> Description of the task:
Restate the data below, keeping every line the same.

> Material provided:
++++++++++++++++++++

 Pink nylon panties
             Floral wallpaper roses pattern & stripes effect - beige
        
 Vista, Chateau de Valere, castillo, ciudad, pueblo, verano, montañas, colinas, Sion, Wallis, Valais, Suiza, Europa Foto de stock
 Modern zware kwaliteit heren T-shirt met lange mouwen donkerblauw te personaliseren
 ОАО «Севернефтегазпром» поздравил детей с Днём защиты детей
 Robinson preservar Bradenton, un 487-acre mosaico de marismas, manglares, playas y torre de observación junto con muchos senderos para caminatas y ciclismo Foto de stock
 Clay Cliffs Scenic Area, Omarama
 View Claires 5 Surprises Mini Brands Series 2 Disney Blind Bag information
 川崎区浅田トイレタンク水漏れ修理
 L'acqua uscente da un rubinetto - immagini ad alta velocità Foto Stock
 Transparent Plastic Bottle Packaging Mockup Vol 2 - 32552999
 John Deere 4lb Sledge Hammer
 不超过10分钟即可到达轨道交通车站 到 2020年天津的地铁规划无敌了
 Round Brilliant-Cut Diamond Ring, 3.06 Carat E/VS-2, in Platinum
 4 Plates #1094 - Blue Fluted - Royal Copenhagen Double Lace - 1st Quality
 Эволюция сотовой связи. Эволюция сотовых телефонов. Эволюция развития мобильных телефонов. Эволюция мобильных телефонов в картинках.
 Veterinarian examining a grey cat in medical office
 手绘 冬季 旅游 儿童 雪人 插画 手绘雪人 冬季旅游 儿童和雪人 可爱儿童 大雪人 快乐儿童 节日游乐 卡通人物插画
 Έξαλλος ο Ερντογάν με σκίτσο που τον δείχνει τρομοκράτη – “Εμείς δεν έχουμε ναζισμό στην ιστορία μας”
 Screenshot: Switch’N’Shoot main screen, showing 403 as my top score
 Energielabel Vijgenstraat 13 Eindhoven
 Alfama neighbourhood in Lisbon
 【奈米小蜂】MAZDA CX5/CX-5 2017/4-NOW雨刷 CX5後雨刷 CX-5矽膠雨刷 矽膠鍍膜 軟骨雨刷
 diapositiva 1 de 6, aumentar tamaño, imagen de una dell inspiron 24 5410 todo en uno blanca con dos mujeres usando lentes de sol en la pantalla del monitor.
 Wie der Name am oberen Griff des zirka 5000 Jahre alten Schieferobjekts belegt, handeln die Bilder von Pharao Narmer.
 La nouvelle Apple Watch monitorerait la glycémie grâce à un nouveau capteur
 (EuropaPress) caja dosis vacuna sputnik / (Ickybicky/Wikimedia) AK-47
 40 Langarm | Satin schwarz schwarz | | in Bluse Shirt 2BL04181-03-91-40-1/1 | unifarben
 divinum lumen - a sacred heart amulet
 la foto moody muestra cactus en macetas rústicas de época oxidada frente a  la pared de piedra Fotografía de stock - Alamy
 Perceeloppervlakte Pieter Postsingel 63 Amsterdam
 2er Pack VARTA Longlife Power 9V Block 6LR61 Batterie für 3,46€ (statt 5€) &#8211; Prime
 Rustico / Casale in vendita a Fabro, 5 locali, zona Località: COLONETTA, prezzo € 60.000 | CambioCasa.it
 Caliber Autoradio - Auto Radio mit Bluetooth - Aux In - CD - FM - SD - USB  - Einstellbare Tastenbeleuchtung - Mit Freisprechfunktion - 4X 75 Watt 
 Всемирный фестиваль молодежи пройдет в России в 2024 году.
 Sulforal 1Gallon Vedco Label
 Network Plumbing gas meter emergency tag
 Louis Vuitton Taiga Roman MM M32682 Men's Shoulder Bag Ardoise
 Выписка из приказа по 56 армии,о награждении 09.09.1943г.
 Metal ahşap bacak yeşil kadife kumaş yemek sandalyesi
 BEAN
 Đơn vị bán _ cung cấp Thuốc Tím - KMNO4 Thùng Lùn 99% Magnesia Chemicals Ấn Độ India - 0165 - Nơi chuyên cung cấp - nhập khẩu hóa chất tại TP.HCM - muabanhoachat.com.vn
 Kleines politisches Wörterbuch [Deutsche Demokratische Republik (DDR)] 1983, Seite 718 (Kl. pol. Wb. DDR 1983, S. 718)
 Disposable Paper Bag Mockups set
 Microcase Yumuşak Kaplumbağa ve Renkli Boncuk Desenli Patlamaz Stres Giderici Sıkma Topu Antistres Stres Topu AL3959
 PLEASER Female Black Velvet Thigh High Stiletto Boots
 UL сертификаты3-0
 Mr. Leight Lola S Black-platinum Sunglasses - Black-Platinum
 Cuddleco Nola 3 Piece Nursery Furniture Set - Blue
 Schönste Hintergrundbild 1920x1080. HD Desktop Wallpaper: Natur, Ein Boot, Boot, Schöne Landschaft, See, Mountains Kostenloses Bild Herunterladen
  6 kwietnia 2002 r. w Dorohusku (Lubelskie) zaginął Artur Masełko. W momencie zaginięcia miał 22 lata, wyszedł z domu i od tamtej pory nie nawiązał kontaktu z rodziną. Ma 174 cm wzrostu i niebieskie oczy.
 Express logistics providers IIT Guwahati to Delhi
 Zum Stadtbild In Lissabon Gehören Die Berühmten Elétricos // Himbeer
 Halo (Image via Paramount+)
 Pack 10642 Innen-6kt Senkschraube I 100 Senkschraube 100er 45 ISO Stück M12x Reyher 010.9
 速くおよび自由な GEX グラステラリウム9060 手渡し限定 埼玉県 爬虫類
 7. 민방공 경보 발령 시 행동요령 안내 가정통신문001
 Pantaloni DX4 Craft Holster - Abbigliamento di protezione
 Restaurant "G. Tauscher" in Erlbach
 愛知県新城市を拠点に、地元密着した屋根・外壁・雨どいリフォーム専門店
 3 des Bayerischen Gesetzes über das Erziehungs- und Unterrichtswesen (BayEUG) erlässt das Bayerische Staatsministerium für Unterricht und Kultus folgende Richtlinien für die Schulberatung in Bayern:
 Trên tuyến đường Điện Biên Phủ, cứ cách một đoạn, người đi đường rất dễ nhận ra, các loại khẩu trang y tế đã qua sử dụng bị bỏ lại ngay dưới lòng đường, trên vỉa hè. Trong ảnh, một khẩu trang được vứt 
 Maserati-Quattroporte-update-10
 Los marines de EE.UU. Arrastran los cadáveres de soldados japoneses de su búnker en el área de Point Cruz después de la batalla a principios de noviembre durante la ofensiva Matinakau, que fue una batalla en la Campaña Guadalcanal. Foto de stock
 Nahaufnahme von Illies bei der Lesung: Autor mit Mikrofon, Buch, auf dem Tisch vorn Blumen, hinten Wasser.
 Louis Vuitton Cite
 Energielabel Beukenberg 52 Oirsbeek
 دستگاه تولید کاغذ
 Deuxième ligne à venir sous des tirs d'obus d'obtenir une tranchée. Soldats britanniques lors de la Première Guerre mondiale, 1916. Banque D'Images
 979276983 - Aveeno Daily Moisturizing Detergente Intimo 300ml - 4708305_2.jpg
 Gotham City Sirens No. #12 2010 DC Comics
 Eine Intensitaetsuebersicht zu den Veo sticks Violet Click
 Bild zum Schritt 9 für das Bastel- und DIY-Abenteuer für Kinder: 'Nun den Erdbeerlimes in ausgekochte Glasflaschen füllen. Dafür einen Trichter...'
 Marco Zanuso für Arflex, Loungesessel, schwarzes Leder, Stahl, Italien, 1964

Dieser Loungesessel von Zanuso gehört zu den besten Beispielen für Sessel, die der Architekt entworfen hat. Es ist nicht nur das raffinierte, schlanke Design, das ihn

++++++++++++++++++++

> Reply to the task:
 Pink nylon panties
             Floral wallpaper roses pattern & stripes effect - beige
        
 Vista, Chateau de Valere, castillo, ciudad, pueblo, verano, montañas, colinas, Sion, Wallis, Valais, Suiza, Europa Foto de stock
 Modern zware kwaliteit heren T-shirt met lange mouwen donkerblauw te personaliseren
 ОАО «Севернефтегазпром» поздравил детей с Днём защиты детей
 Robinson preservar Bradenton, un 487-acre mosaico de marismas, manglares, playas y torre de observación junto con muchos senderos para caminatas y ciclismo Foto de stock
 Clay Cliffs Scenic Area, Omarama
 View Claires 5 Surprises Mini Brands Series 2 Disney Blind Bag information
 川崎区浅田トイレタンク水漏れ修理
 L'acqua uscente da un rubinetto - immagini ad alta velocità Foto Stock
 Transparent Plastic Bottle Packaging Mockup Vol 2 - 32552999
 John Deere 4lb Sledge Hammer
 不超过10分钟即可到达轨道交通车站 到 2020年天津的地铁规划无敌了
 Round Brilliant-Cut Diamond Ring, 3.06 Carat E/VS-2, in Platinum
 4 Plates #1094 - Blue Fluted - Royal Copenhagen Double Lace - 1st Quality
 Эволюция сотовой связи. Эволюция сотовых телефонов. Эволюция развития мобильных телефонов. Эволюция мобильных телефонов в картинках.
 Veterinarian examining a grey cat in medical office
 手绘 冬季 旅游 儿童 雪人 插画 手绘雪人 冬季旅游 儿童和雪人 可爱儿童 大雪人 快乐儿童 节日游乐 卡通人物插画
 Έξαλλος ο Ερντογάν με σκίτσο που τον δείχνει τρομοκράτη – “Εμείς δεν έχουμε ναζισμό στην ιστορία μας”
 Screenshot: Switch’N’Shoot main screen, showing 403 as my top score
 Energielabel Vijgenstraat 13 Eindhoven
 Alfama neighbourhood in Lisbon
 【奈米小蜂】MAZDA CX5/CX-5 2017/4-NOW雨刷 CX5後雨刷 CX-5矽膠雨刷 矽膠鍍膜 軟骨雨刷
 diapositiva 1 de 6, aumentar tamaño, imagen de una dell inspiron 24 5410 todo en uno blanca con dos mujeres usando lentes de sol en la pantalla del monitor.
 Wie der Name am oberen Griff des zirka 5000 Jahre alten Schieferobjekts belegt, handeln die Bilder von Pharao Narmer.
 La nouvelle Apple Watch monitorerait la glycémie grâce à un nouveau capteur
 (EuropaPress) caja dosis vacuna sputnik / (Ickybicky/Wikimedia) AK-47
 40 Langarm | Satin schwarz schwarz | | in Bluse Shirt 2BL04181-03-91-40-1/1 | unifarben
 divinum lumen - a sacred heart amulet
 la foto moody muestra cactus en macetas rústicas de época oxidada frente a  la pared de piedra Fotografía de stock - Alamy
 Perceeloppervlakte Pieter Postsingel 63 Amsterdam
 2er Pack VARTA Longlife Power 9V Block 6LR61 Batterie für 3,46€ (statt 5€) &#8211; Prime
 Rustico / Casale in vendita a Fabro, 5 locali, zona Località: COLONETTA, prezzo € 60.000 | CambioCasa.it
 Caliber Autoradio - Auto Radio mit Bluetooth - Aux In - CD - FM - SD - USB  - Einstellbare Tastenbeleuchtung - Mit Freisprechfunktion - 4X 75 Watt 
 Всемирный фестиваль молодежи пройдет в России в 2024 году.
 Sulforal 1Gallon Vedco Label
 Network Plumbing gas meter emergency tag
 Louis Vuitton Taiga Roman MM M32682 Men's Shoulder Bag Ardoise
 Выписка из приказа по 56 армии,о награждении 09.09.1943г.
 Metal ahşap bacak yeşil kadife kumaş yemek sandalyesi
 BEAN
 Đơn vị bán _ cung cấp Thuốc Tím - KMNO4 Thùng Lùn 99% Magnesia Chemicals Ấn Độ India - 0165 - Nơi chuyên cung cấp - nhập khẩu hóa chất tại TP.HCM - muabanhoachat.com.vn
 Kleines politisches Wörterbuch [Deutsche Demokratische Republik (DDR)] 1983, Seite 718 (Kl. pol. Wb. DDR 1983, S. 718)
 Disposable Paper Bag Mockups set
 Microcase Yumuşak Kaplumbağa ve Renkli Boncuk Desenli Patlamaz Stres Giderici Sıkma Topu Antistres Stres Topu AL3959
 PLEASER Female Black Velvet Thigh High Stiletto Boots
 UL сертификаты3-0
 Mr. Leight Lola S Black-platinum Sunglasses - Black-Platinum
 Cuddleco Nola 3 Piece Nursery Furniture Set - Blue
 Schönste Hintergrundbild 1920x1080. HD Desktop Wallpaper: Natur, Ein Boot, Boot, Schöne Landschaft, See, Mountains Kostenloses Bild Herunterladen
  6 kwietnia 2002 r. w Dorohusku (Lubelskie) zaginął Artur Masełko. W momencie zaginięcia miał 22 lata, wyszedł z domu i od tamtej pory nie nawiązał kontaktu z rodziną. Ma 174 cm wzrostu i niebieskie oczy.
 Express logistics providers IIT Guwahati to Delhi
 Zum Stadtbild In Lissabon Gehören Die Berühmten Elétricos // Himbeer
 Halo (Image via Paramount+)
 Pack 10642 Innen-6kt Senkschraube I 100 Senkschraube 100er 45 ISO Stück M12x Reyher 010.9
 速くおよび自由な GEX グラステラリウム9060 手渡し限定 埼玉県 爬虫類
 7. 민방공 경보 발령 시 행동요령 안내 가정통신문001
 Pantaloni DX4 Craft Holster - Abbigliamento di protezione
 Restaurant "G. Tauscher" in Erlbach
 愛知県新城市を拠点に、地元密着した屋根・外壁・雨どいリフォーム専門店
 3 des Bayerischen Gesetzes über das Erziehungs- und Unterrichtswesen (BayEUG) erlässt das Bayerische Staatsministerium für Unterricht und Kultus folgende Richtlinien für die Schulberatung in Bayern:
 Trên tuyến đường Điện Biên Phủ, cứ cách một đoạn, người đi đường rất dễ nhận ra, các loại khẩu trang y tế đã qua sử dụng bị bỏ lại ngay dưới lòng đường, trên vỉa hè. Trong ảnh, một khẩu trang được vứt 
 Maserati-Quattroporte-update-10
 Los marines de EE.UU. Arrastran los cadáveres de soldados japoneses de su búnker en el área de Point Cruz después de la batalla a principios de noviembre durante la ofensiva Matinakau, que fue una batalla en la Campaña Guadalcanal. Foto de stock
 Nahaufnahme von Illies bei der Lesung: Autor mit Mikrofon, Buch, auf dem Tisch vorn Blumen, hinten Wasser.
 Louis Vuitton Cite
 Energielabel Beukenberg 52 Oirsbeek
 دستگاه تولید کاغذ
 Deuxième ligne à venir sous des tirs d'obus d'obtenir une tranchée. Soldats britanniques lors de la Première Guerre mondiale, 1916. Banque D'Images
 979276983 - Aveeno Daily Moisturizing Detergente Intimo 300ml - 4708305_2.jpg
 Gotham City Sirens No. #12 2010 DC Comics
 Eine Intensitaetsuebersicht zu den Veo sticks Violet Click
 Bild zum Schritt 9 für das Bastel- und DIY-Abenteuer für Kinder: 'Nun den Erdbeerlimes in ausgekochte Glasflaschen füllen. Dafür einen Trichter...'
 Marco Zanuso für Arflex, Loungesessel, schwarzes Leder, Stahl, Italien, 1964

Dieser Loungesessel von Zanuso gehört zu den besten Beispielen für Sessel, die der Architekt entworfen hat. Es ist nicht nur das raffinierte, schlanke Design, das ihn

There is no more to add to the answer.